Allegation of Bogus Import of Service through Cash Bean App: Delhi HC Dismisses Writ Petition on Evidence to Prove Contravention in Foreign Exchange Management Act [Read Order]

Top Stories Allegation of Bogus Import of Service through Cash Bean App: Delhi HC Dismisses Writ Petition on Evidence to Prove Contravention  in Foreign Exchange Management Act [Read Order] By Yogitha S. Yogesh – On December 18, 2023 4:33 pm – 3 mins read In a significant case on the allegation of Bogus import of service through the Cash Bean app, the Delhi High Court dismissed a writ appeal on evidence to prove contravention in the Foreign Exchange Management Act,1999. PC Financial Services Private Ltd, the petitioner is engaged in the business of providing unsecured short-term loans to its customers/borrowers in India via its Digital Application platform called ‘CashBean’. The CashBean application of the petitioner had 60.3 million users, and 39.2 million registered customers, out of which only 3.75 million unique customers were selected after an assessment of creditworthiness for the loan. It was contended that the petitioner had engaged a Hong Kong-based Company, namely Hong Kong Fintango Limited (‘HK Fintango’) for procurement of an IP licence and had entered into a Software Licence Agreement dated 01.10.2019 with it for providing IP and Digital Lending Software Licence, that is, the CashBean App to the petitioner for the Indian digital micro-lending market.

The petitioner further contends that another Company, that is Mobimagic Co. Ltd. (‘Mobimagic’), provided technical services to the petitioner till March 2020 and, thereafter, the services of HK Fintango were engaged from August 2020.  The petitioner stated that for the Technical fees, the petitioner’s Board had taken the necessary and proper decisions by considering the comprehensive business risk management requirements, including the services scope, Software Licence Agreement commitment and responsibility. The Board had also considered and referred to the industry practice. The Board had also consulted with tier-1 Chartered Accountant Firm/Independent Consultant, Ernest & Young LLP, India (‘EY India’), which resulted in independent benchmarking reports.  It was stated that Mobimagic was the original developer of the CashBean software, which was subsequently transferred to HK Fintango on 26.09.2019. Post such transfer, HK Fintango has been awarded with the new Software Copyright Certificate for the same. The petitioner states that for the business of the petitioner, HK Fintango has granted access to its Software App in a source code format and technical support has been received from Mobimagic; management and other support have been received from another related party entity, namely, TenSpot Pesa Limited.

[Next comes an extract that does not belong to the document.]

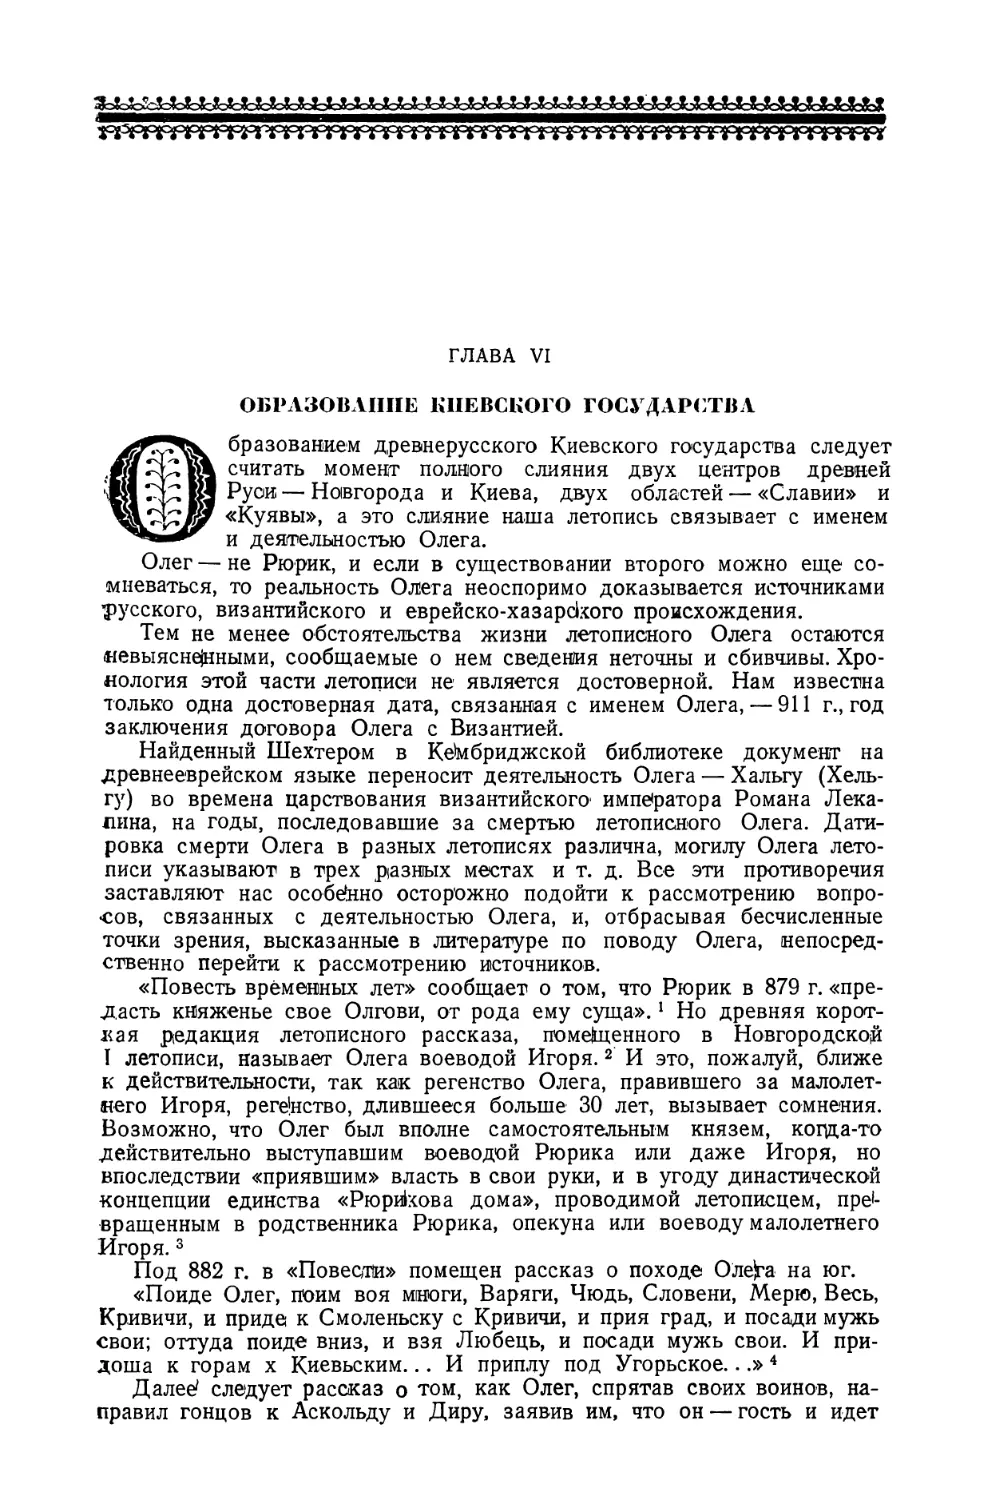 Глава VI. Образование Киевского государства
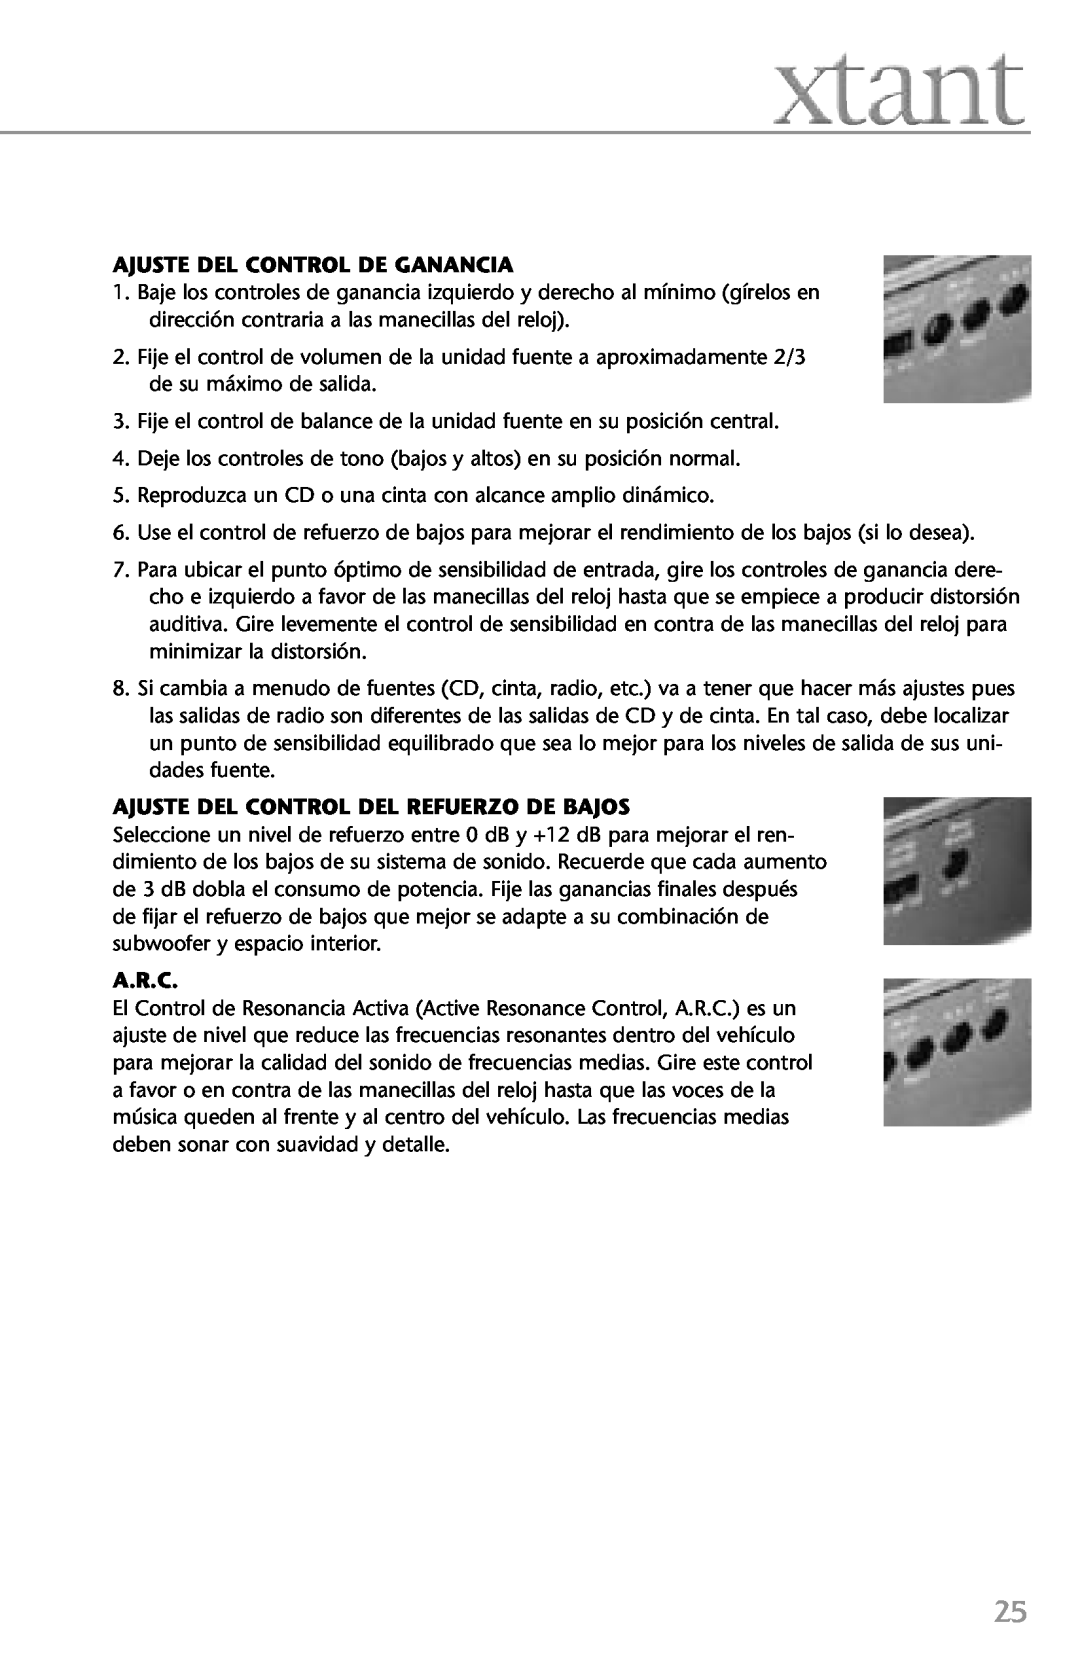 Xtant 4.4, 2.2 owner manual Ajuste Del Control De Ganancia, Ajuste Del Control Del Refuerzo De Bajos, A.R.C

The petitioner claimed that the petitioner has maintained the Transfer Pricing Documentation required under Rule 10D of the Income Tax Rules, 1962 read with Section 92D of the Income Tax Act, 1961, and proper forms have been filed with the Income Tax Authorities. The petitioner claims to have also deducted the Tax at Source for payments made to these Companies and as having greatly contributed to the tax base of the country. It was alleged that the petitioner has, therefore, contravened Section 4 of the Foreign Exchange Management Act, 1999 (‘Act’), and an equivalent value of the property was liable to be seized from the petitioner in India. The above seizure orders have been confirmed by respondent no.2 vide the Order dated 04.02.2022 (‘Impugned Order’). The senior counsel for the petitioner submitted that under the Act, the foreign exchange transactions can be classified as ‘Capital Account Transaction’, as defined in Section 2(e) of the Act, or as ‘Current Account Transaction’, as defined in Section 2(j) of the Act.

He submits that Section 6(3) of the Act provides that all ‘capital account transactions’ are prohibited unless specifically permitted by the RBI. On the other hand, all ‘current account transactions’ are permitted unless specifically prohibited. It was argued that the basic reason for the proceedings against the petitioner is a baseless allegation of the petitioner charging higher rates of interest and processing fees from its customers/loan applicants. He submits that such an allegation cannot, however, provide any justification for the invocation of the draconian power of seizure under the Act.  A single bench of Justice Navin Chawla observed that the Impugned Order is to be based merely on ‘reason to believe’ that any foreign exchange situated outside India is suspected of having been held in contravention of Section 4 of the Act by the person against whom the order under Section 37A of the Act is being passed.

Though it may be true that the ‘reason to believe’ must also be based on certain tangible material and should be reasonable and not be arbitrary or whimsical, at the same time, the Court in the exercise of its powers under Article 226 of the Constitution of India cannot act as an appellate authority and substitute its own opinion for that of the Competent Authority.  It was found that the petitioner has been unable to make out such a case which would warrant an interference of the Court with the Impugned Order. “The allegations of the respondents and the defence of the petitioner would need to be tested by the Adjudicatory Authority. On facts, it cannot be said that the respondents’ action is ultra vires the Act or so whimsical as to warrant the interference of the Court at this stage when the proceedings are pending before the Adjudicatory Authority.”, the court held.